Los que escribimos


         Pensar, interpretar lo pensado y traducirlo en palabras es la gran tragedia de los que escribimos. El hombre corriente difícilmente puede imaginarse todo el angustioso dolor que se siente Al concebir ideas nuevas, o al tratar de concebirlas solamente, y cuanto sufrimiento cuesta, luego, el darlas a luz de forma comprensible. Un puño cerrado; un poderoso puño de titán que trata de abrirse a toda costa para salir, aún a trueque de romperla, de esa pequeña jaula para seres intangibles que es el cerebro humano; nuestro cerebro; el torturado cerebro de los que escribimos. El efecto es parecido. Y duele. Por eso nunca he podido comprender al hombre común –a los hombres diferentes en algo podemos llamarlos “hombres propios”- cuando, si se trata de definir a alguno de nosotros en particular, dice simplemente, sin concedernos la menor importancia, en tono despectivo: “Ese es uno a quien le da por escribir”. Y hay que pararse a meditar profundamente en ese “a quien le da”, por todo lo que significa de menosprecio; aunque esas mismas palabras, implícitamente, vengan a convenir en que somos diferentes de alguna manera, ya se estime que estamos por encima o por debajo de los otros, de los que no conciben que pueda haber cerebros de hombres que se dediquen a pensar por el mero placer doloroso de hacerlo.

 

            Cierto es que los que escribimos somos raros –en ese sentido y en el que equivale a decir pocos- en comparación con la gran masa literariamente acéfala; pero el hecho de ser minoría no implica qué, por ello, seamos merecedores del desprecio, o indiferencia, de los innumerables -¿se me perdonará que los exprese así?- “cabezas prácticas”, ya que la misma realidad de nuestra existencia –ser esto o lo otro es posible únicamente por contraste- hace posible la suya. Y es que nosotros somos lo contrario, es decir, idealistas, soñadores; en una palabra: distintos. Vivimos sueños y soñamos vidas inimaginables para los hombres corrientes y molientes. ¿Queréis saber, de verdad, como somos? Leed “El pájaro azul”, de Rubén Darío.Garcín –el principal personaje del cuento- nos retrata de cuerpo entero, y alma, a los que escribimos. Pero, si cabe, aún mejor lo hace Edgar A. Poe, aquél escritor de concepciones fantásticas, en su poema “Solo”. Leed; leed:

   Desde las horas de mi infancia

yo nunca fui como los otros;

    no vi jamás como otros vieron,

ni adoré ni odié como todos.

 

            Esto, que puede parecer presunción, ansía de distanciarse o diferenciarse significa todo lo contrario. Supone, para el que escribe, el angustioso reconocimiento de que no le es dado vivir la vida normal, la plácida vida incolora del hombre común. Pero seguid leyendo, todavía:

  En la fuente común yo nunca

  bebí mis penas ni mis gozos;

y soñé siempre sueños míos

  y cuanto amé lo amé yo solo.

 

            Un amor distinto. Un dolor diferente. Amar más. Sufrir más. ¡Ah, cuántas veces uno ha deseado ser como los otros sin poder conseguirlo! Y es que los que escriben tienen una estrella para cada uno y los demás tienen una sola para todos. Y se sienten cerca. Y se ayudan y apoyan unos a otros. Pero el que escribe está solo, trágicamente solo, y su estrella aislada le impone un destino irrenunciable y él, únicamente él, ha de dar luz, calor y vida a su sol solitario y exigente. Si se duerme, la estrella se apaga, Si se muere, su sol desaparece y solo brilla mientras la lucecita del cerebro despierto titila.

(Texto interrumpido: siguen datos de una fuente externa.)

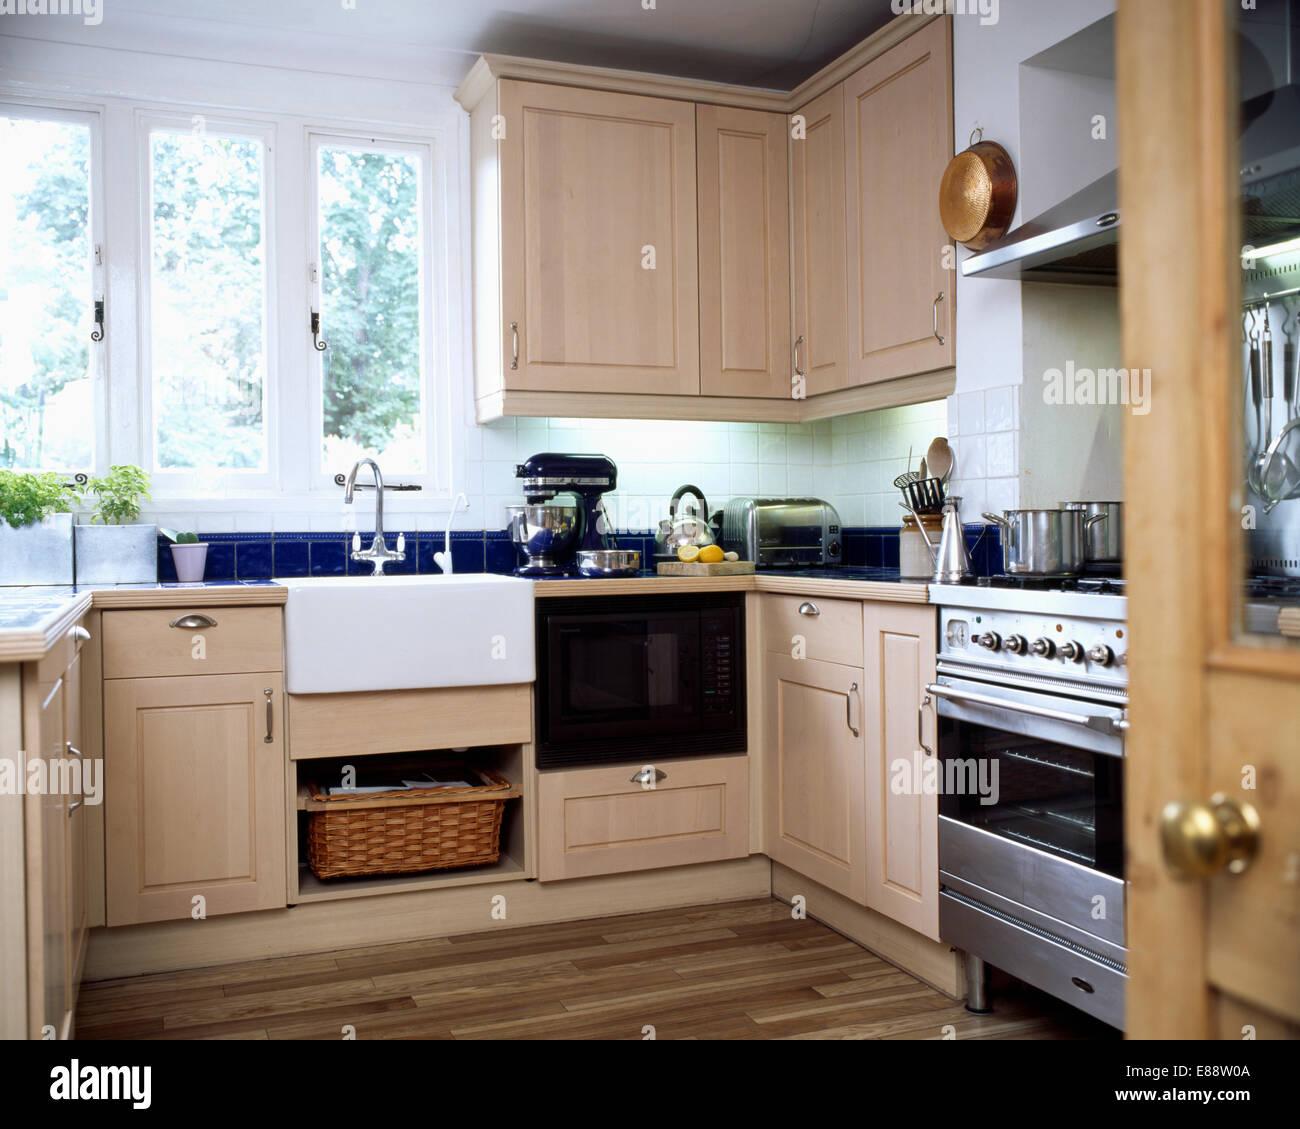 Kitchen Sink Not In Front Of Window: Belfast Sink Below Window In Modern Kitchen With Pale Wood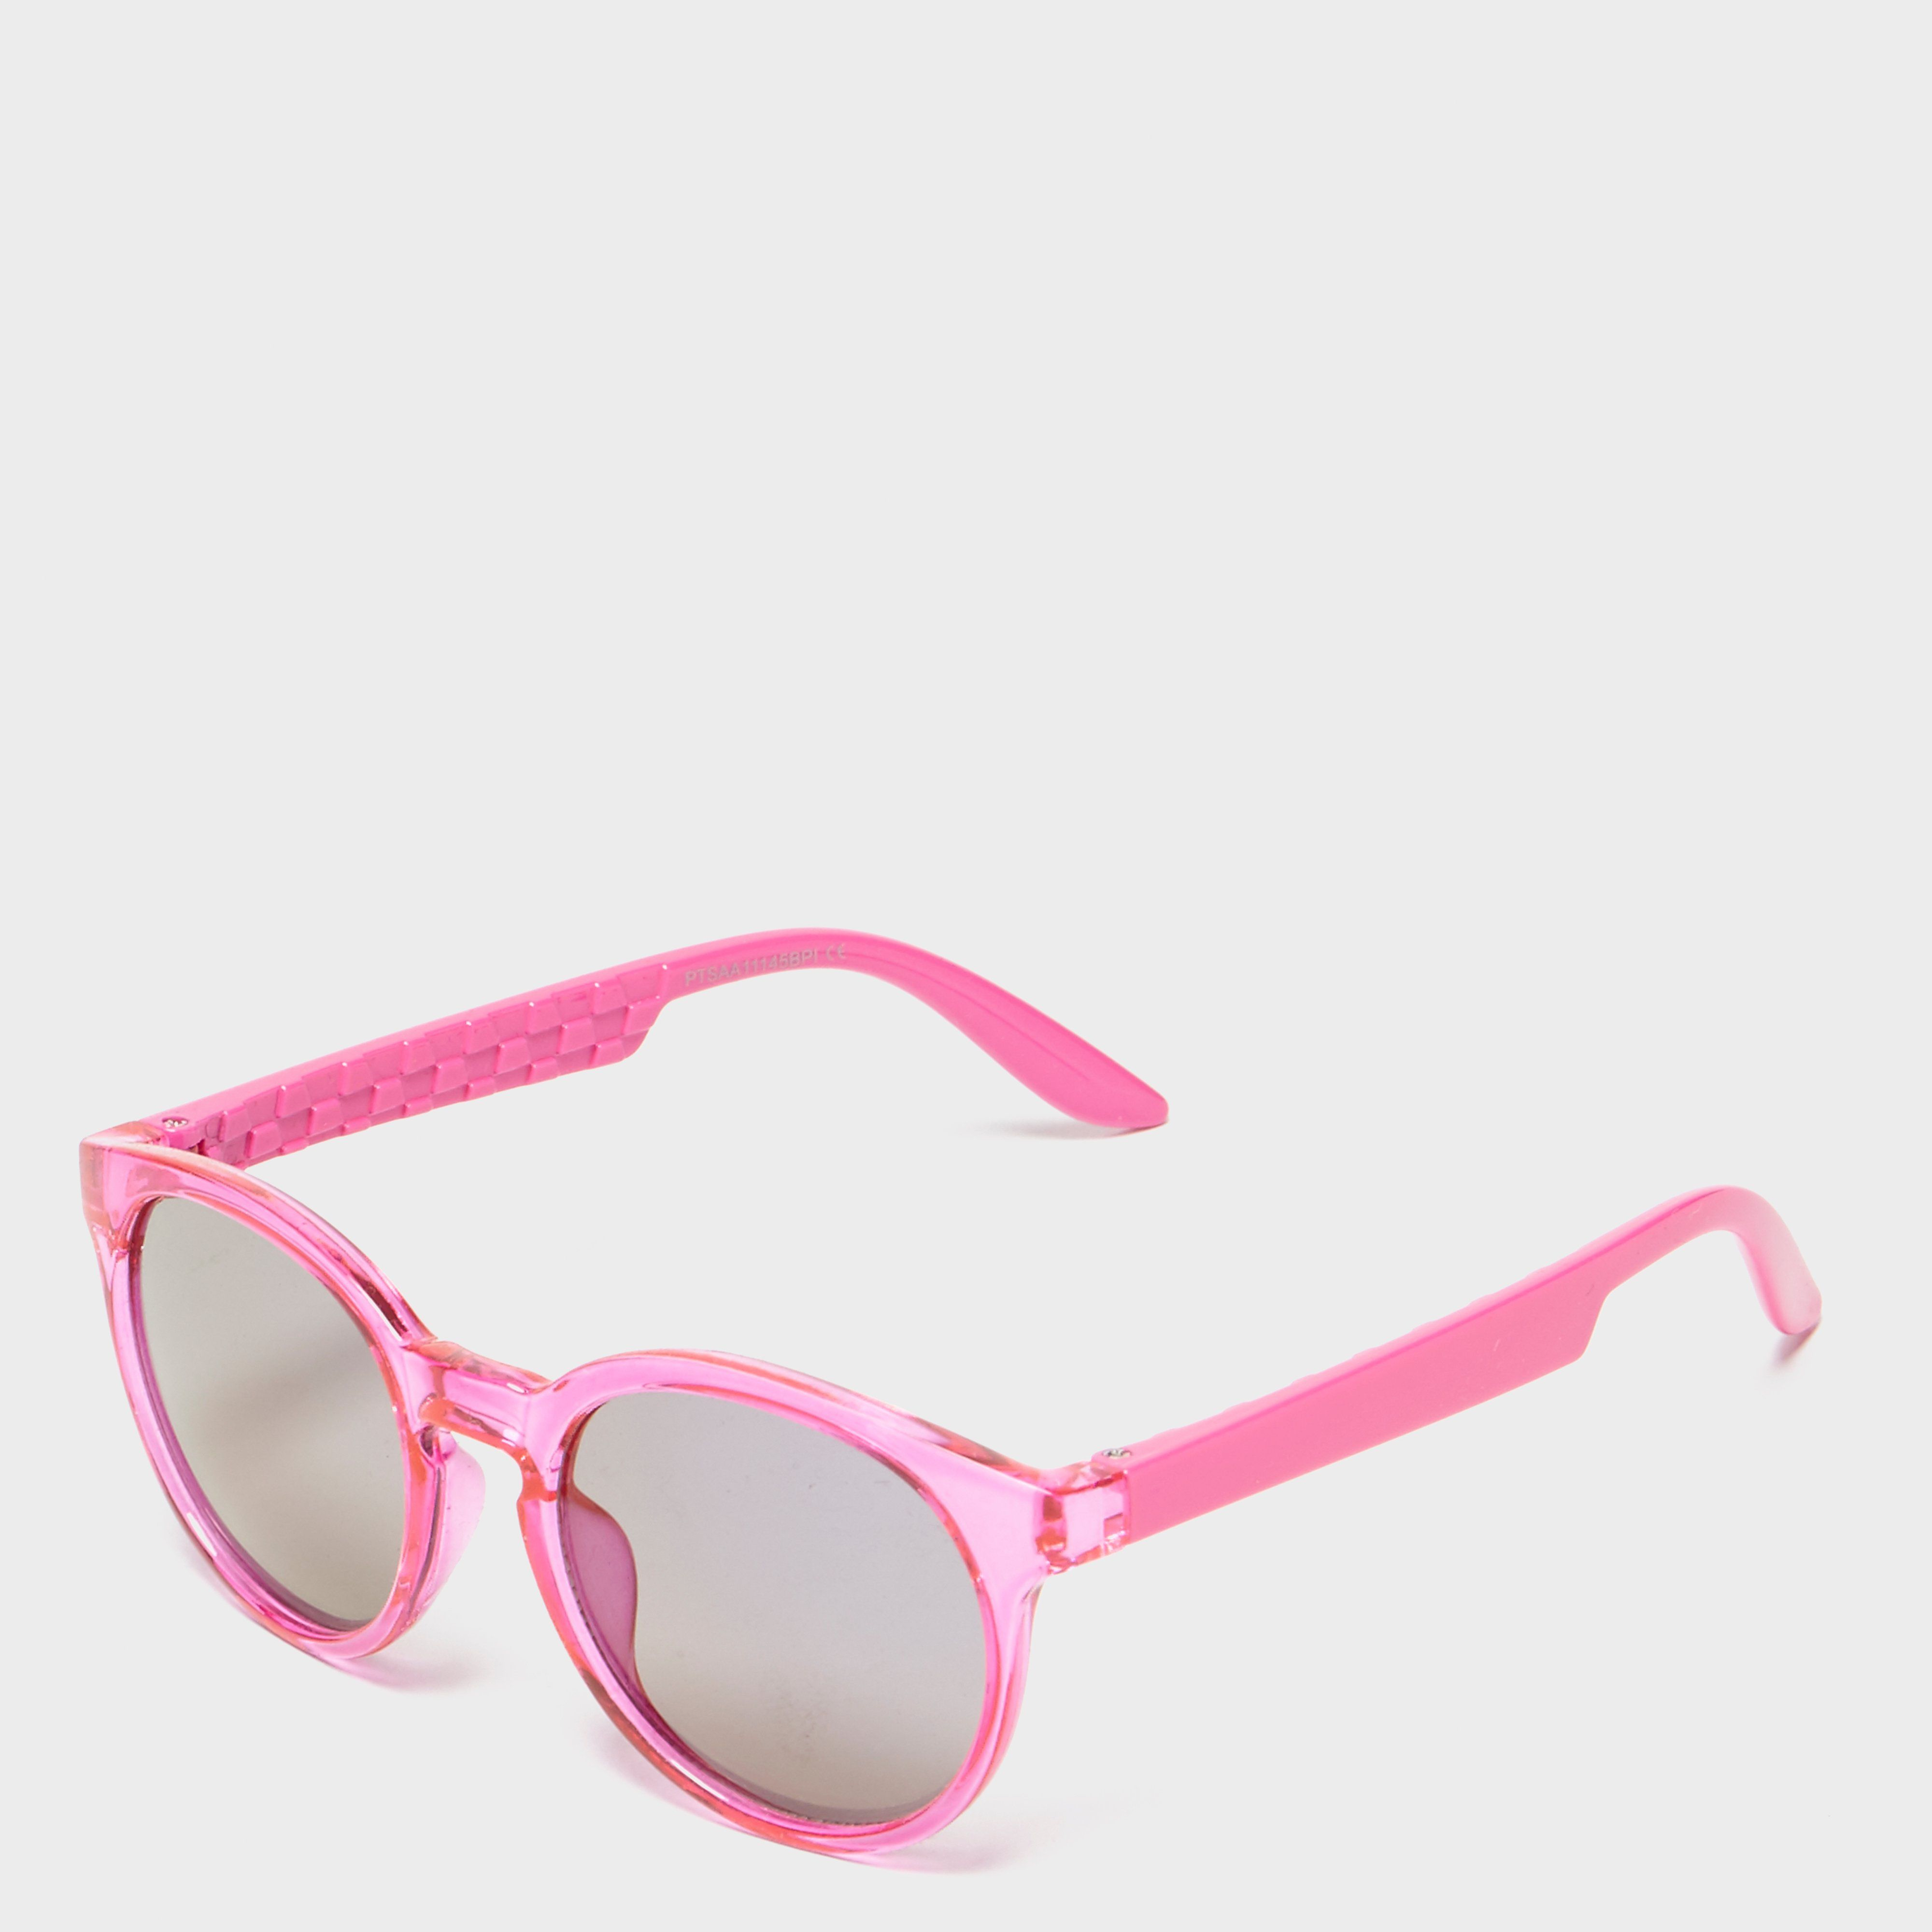 PETER STORM Girls Pink Preppy Sunglasses

            Entre tanto, los innumerables ven alumbrar, indiferentes, nuestros astros porque el suyo está encendido siempre a fuerza de constantes relevos. Para nosotros nació la incomprensión, esa feroz tortura inmaterial que atormenta a las mentes que pretenden ser águilas.

            No he tratado de hacer, no, una apología de los escritores, entre los cuales, inmodestamente, me incluyo yo. Simplemente he deseado poner de relieve que merecemos otra atención, en gracia al amor y al dolor con que tratamos de concebir ideas nuevas, originales, bonitas, que ofrecer a los que –quizás por ese mismo –nos definen despectivamente como “los que escribimos”. Por otra parte, nuestra única ambición es –también lo ha dicho Rubén- alcanzar el viejo laurel verde.